Penentuan harga panjang gelombang maksimum
1.    dibuat larutan kolesterol standar dengan konsentrasi 100 mg/100 ml dengan pelarut
kloroform
2.     dipipet 0,1 ml larutan tersebut ke dalam tabung reaksi yang bersih dan kering,
3.    ditambahkan 3 ml reagen Lieberman-Buchard (campuran asam asetat anhidrid
dengan asam sulfat pekat 30:1) pada suhu dingin
4.    dikocok baik-baik menggunakan vortex-mixer, dibiarkan selama 30 menit pada
suhu kamar.
5.    diukur serapannya dari panjang gelombang 360 s/d 700 nm
6.    dibuat kurva serapan terhadap panjang gelombang, sehingga diperoleh panjang
gelombang maksimum (panjang gelombang yang memberikan serapan maksimum).

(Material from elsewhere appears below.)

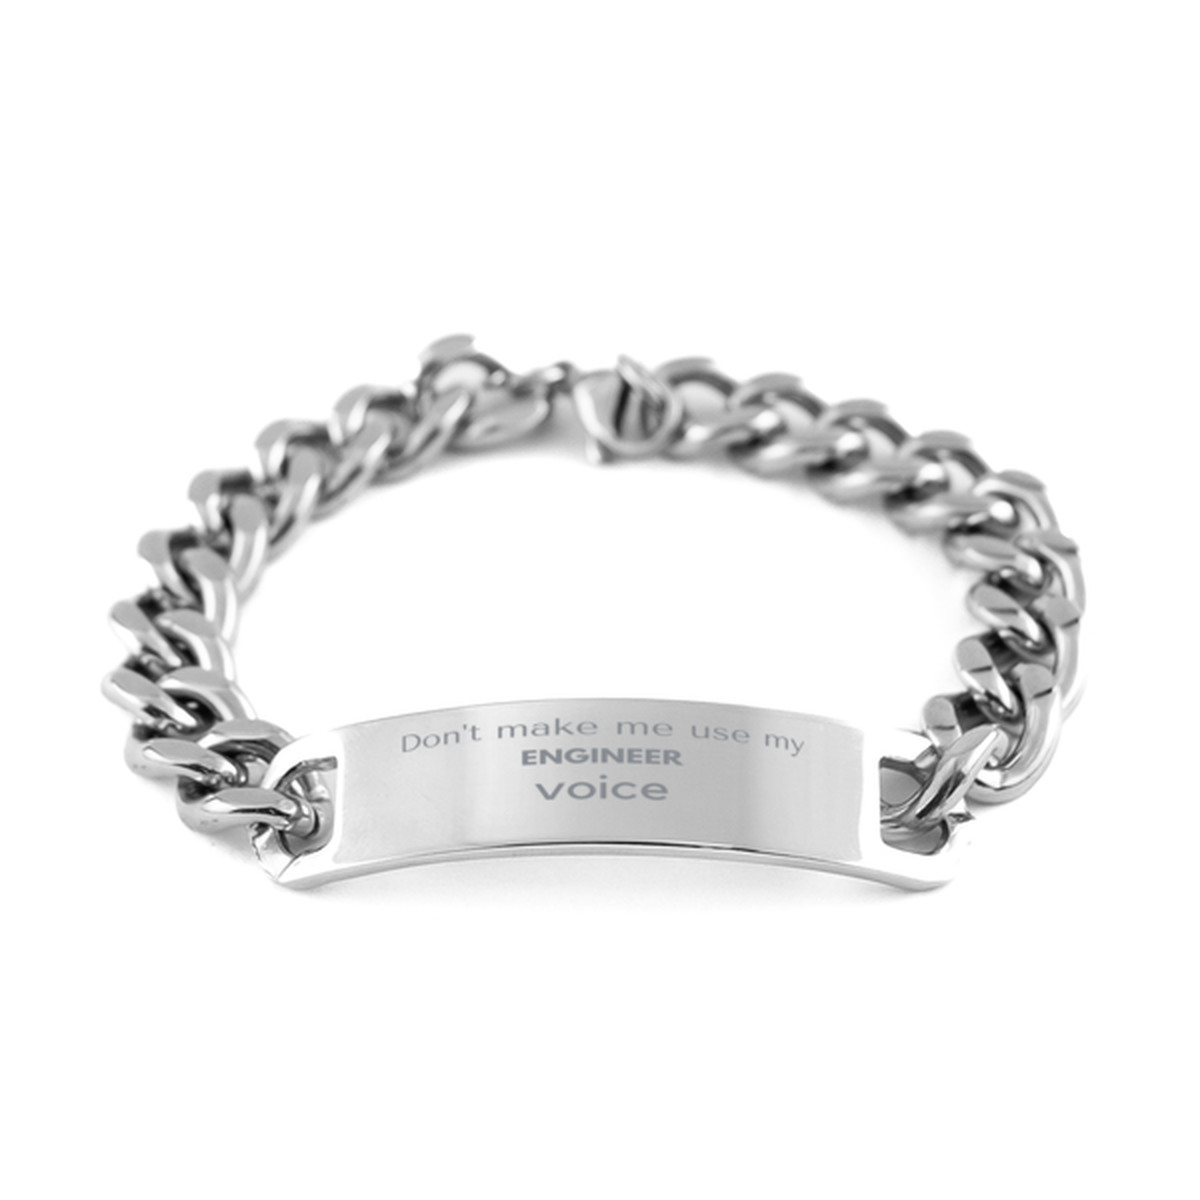 Don't make me use my Engineer voice, Sarcasm Engineer Gifts, Christmas Engineer Cuban Chain Stainless Steel Bracelet Birthday Unique Gifts For Engineer Coworkers, Men, Women, Colleague, Friends
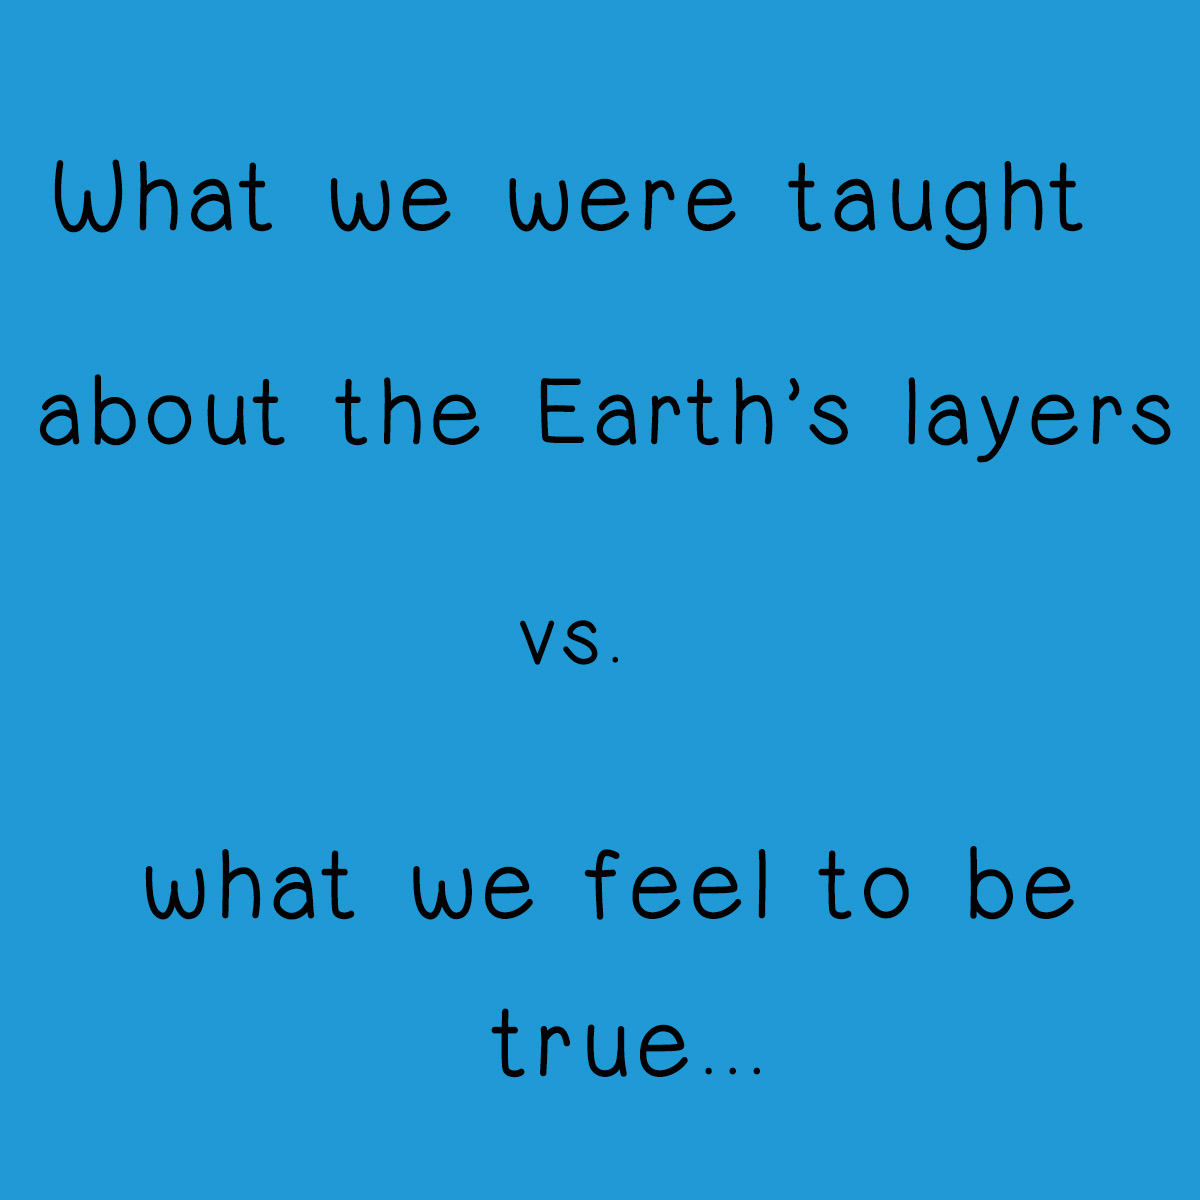 What we were taught about the Earth's layers versus what we feel to be true

Untuk menentukan konsentrasi (kadar) kolesterol total dalam darah digunakan kurva
standar kolesterol
Pembuatan kurva standar kolesterol
1.     dibuat larutan kolesterol standar dengan konsentrasi (mg/ml) berturut-turut: 0,2 ;
0,4 ; 0,6 ; 0,8 ; 1,0 ; 1,5 ; 2,0 ; 2,5.
2.    Masing-masing larutan di atas dipipet ke dalam tabung reaksi yang bersih dan
kering sebanyak 0,1 ml
3.    Pada masing-masing tabung ditambahkan 3 ml reagen Lieberman-Buchard, dikocok
baik-baik, dibiarkan selama 30 menit pada suhu kamar, diukur serapannya pada
panjang gelombang maksimum.
4.    Dibuat kurva standar serapan vs konsentrasi.